#### [Problem to work on]
With the pictures removed, please write out every line below exactly as given.

#### [Data below]
★ ★ ★
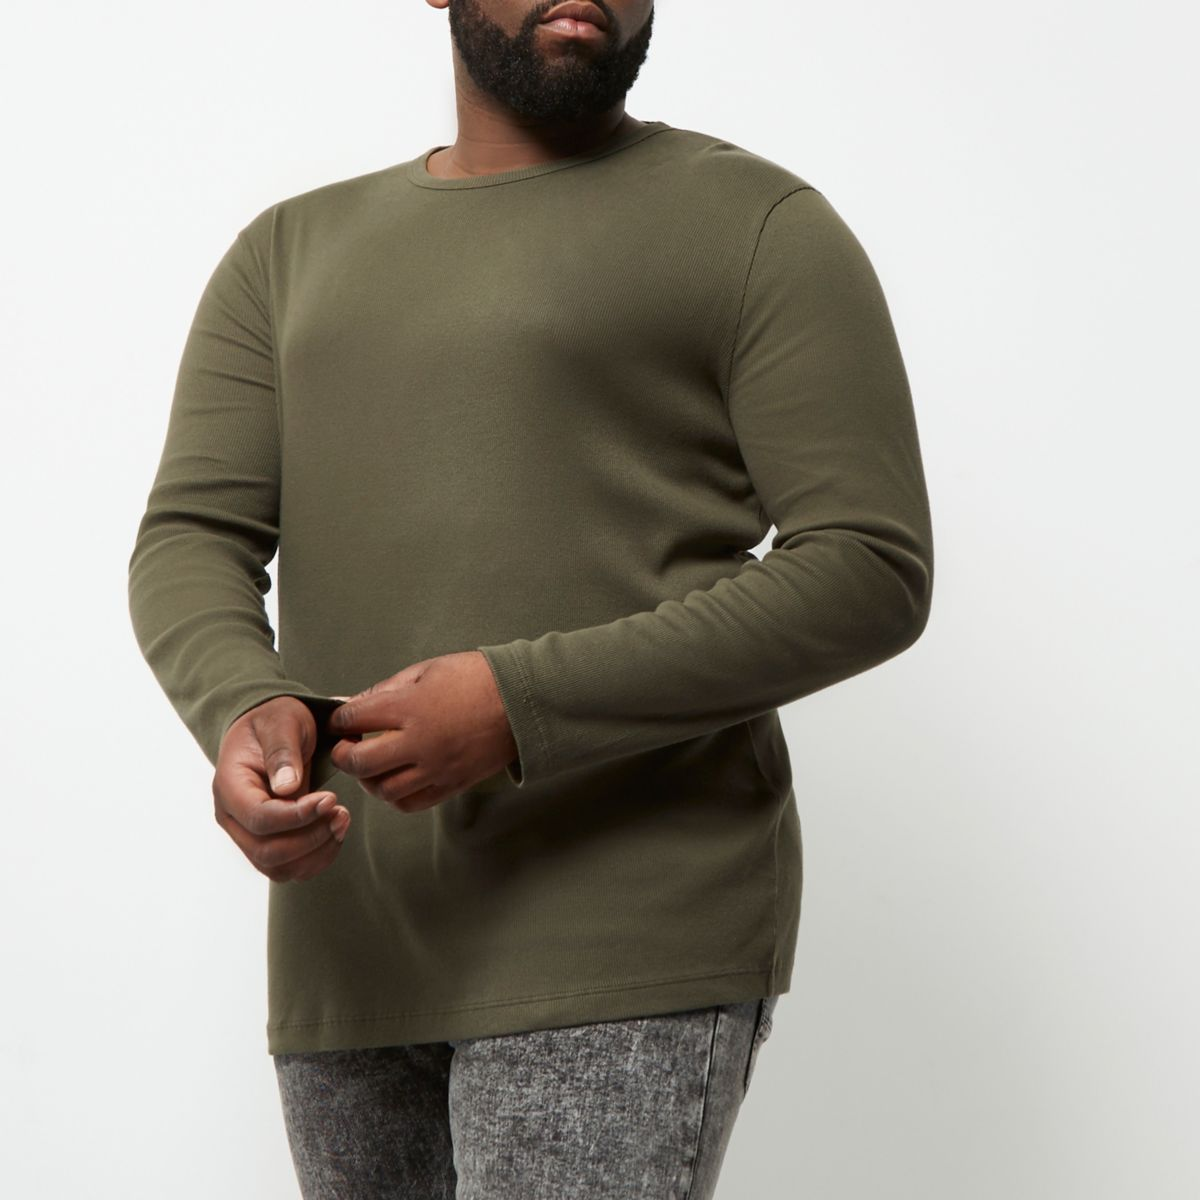 RI Big and Tall - Groen T-shirt met lange mouwen
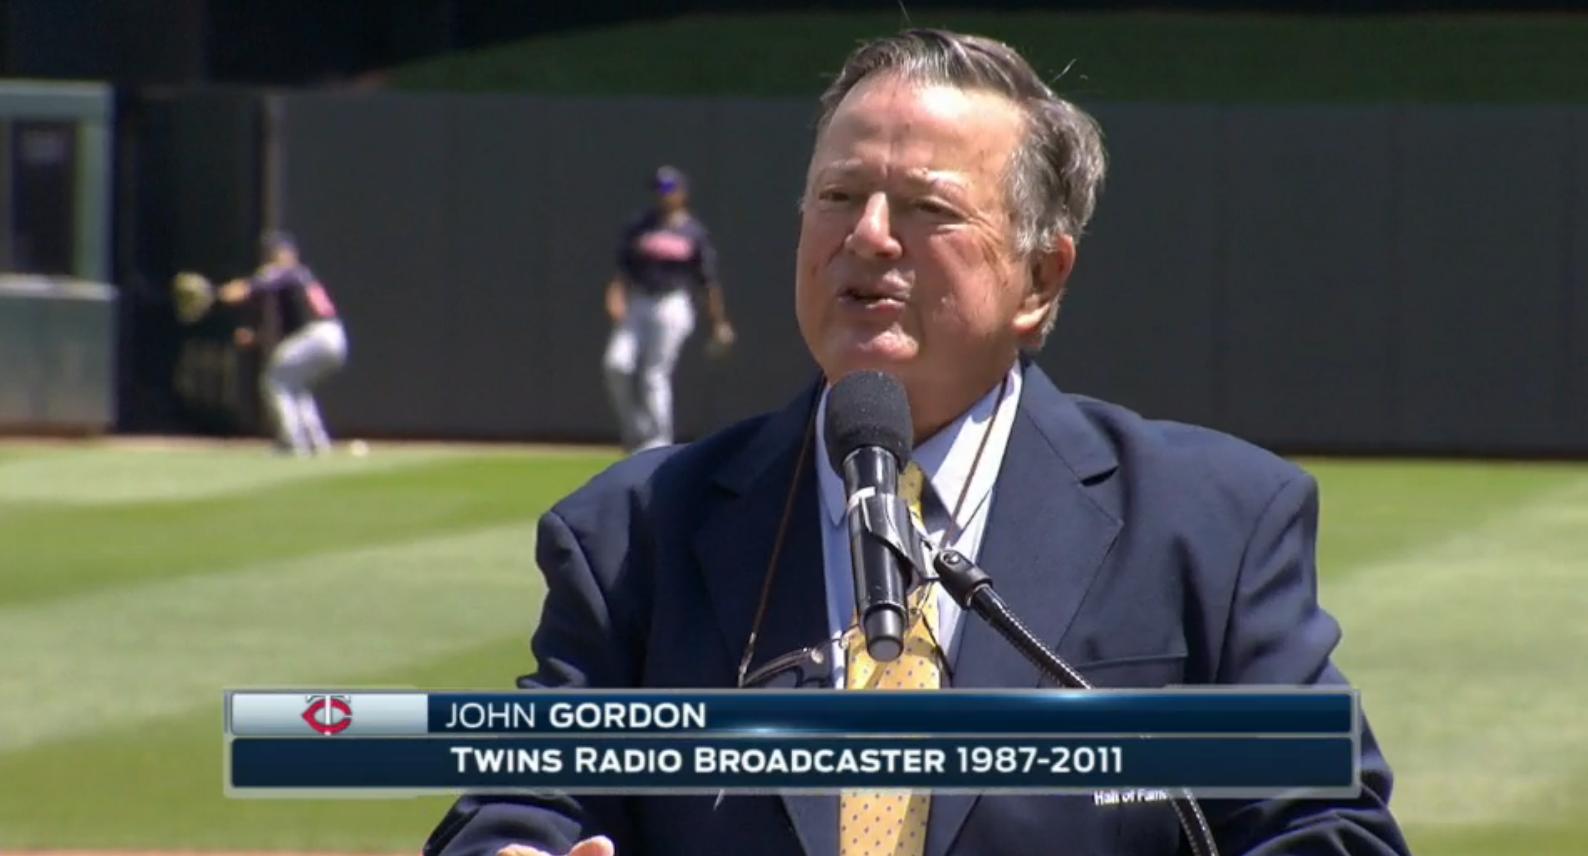 photo of Twins radio broadcaster John Gordon
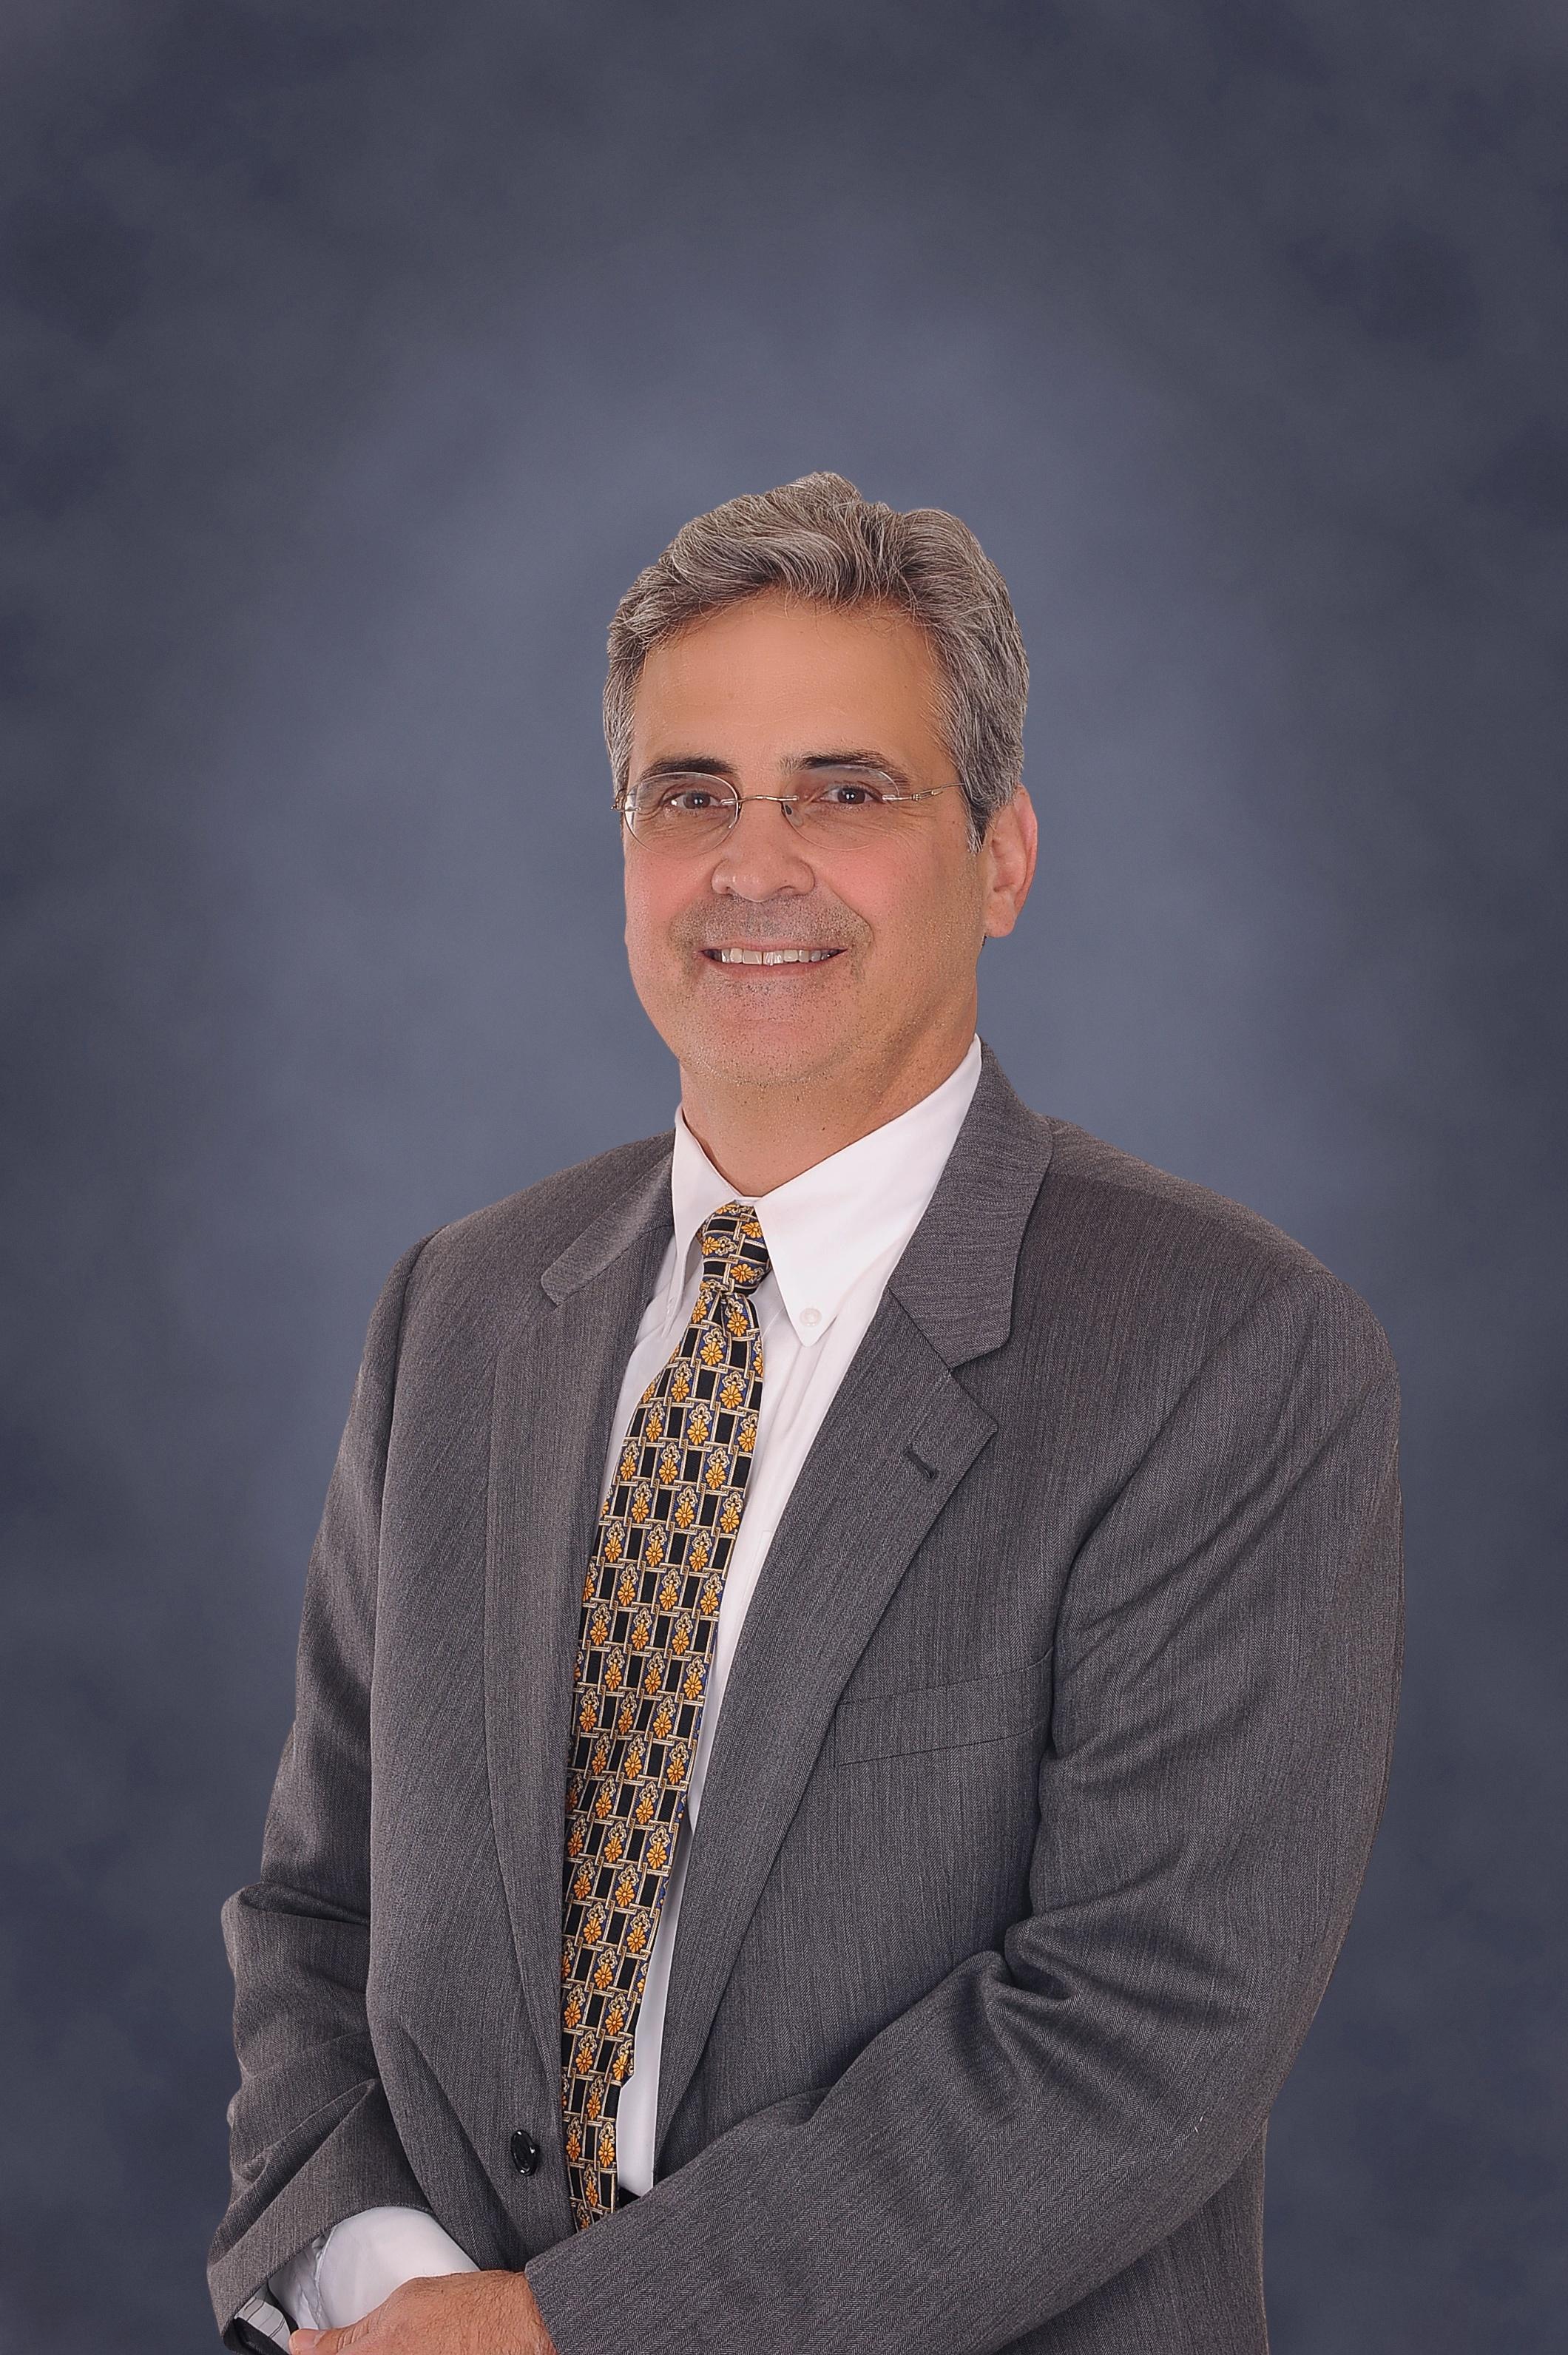 Dr. Antonio Ruiz
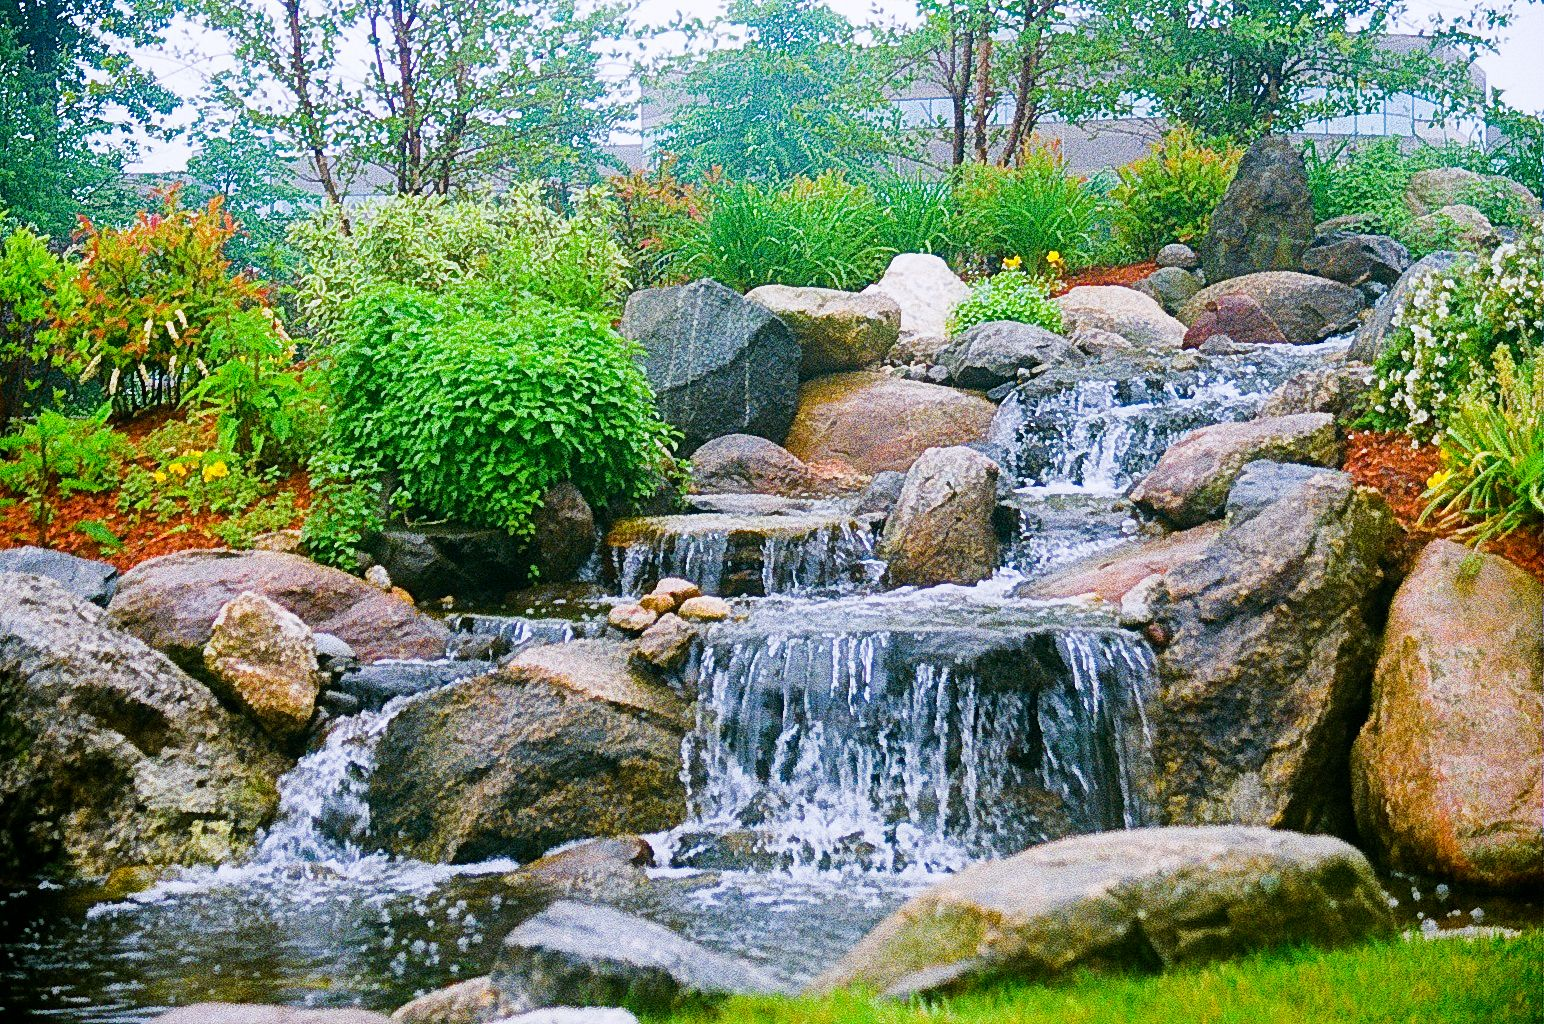 50 Inspiring Ideas Backyard Ponds and Water Gardens (37 ...
★ ★ ★
#### [Exercise answer]
 RI Big and Tall - Groen T-shirt met lange mouwen
 photo of Twins radio broadcaster John Gordon
 Dr. Antonio Ruiz
 50 Inspiring Ideas Backyard Ponds and Water Gardens (37 ...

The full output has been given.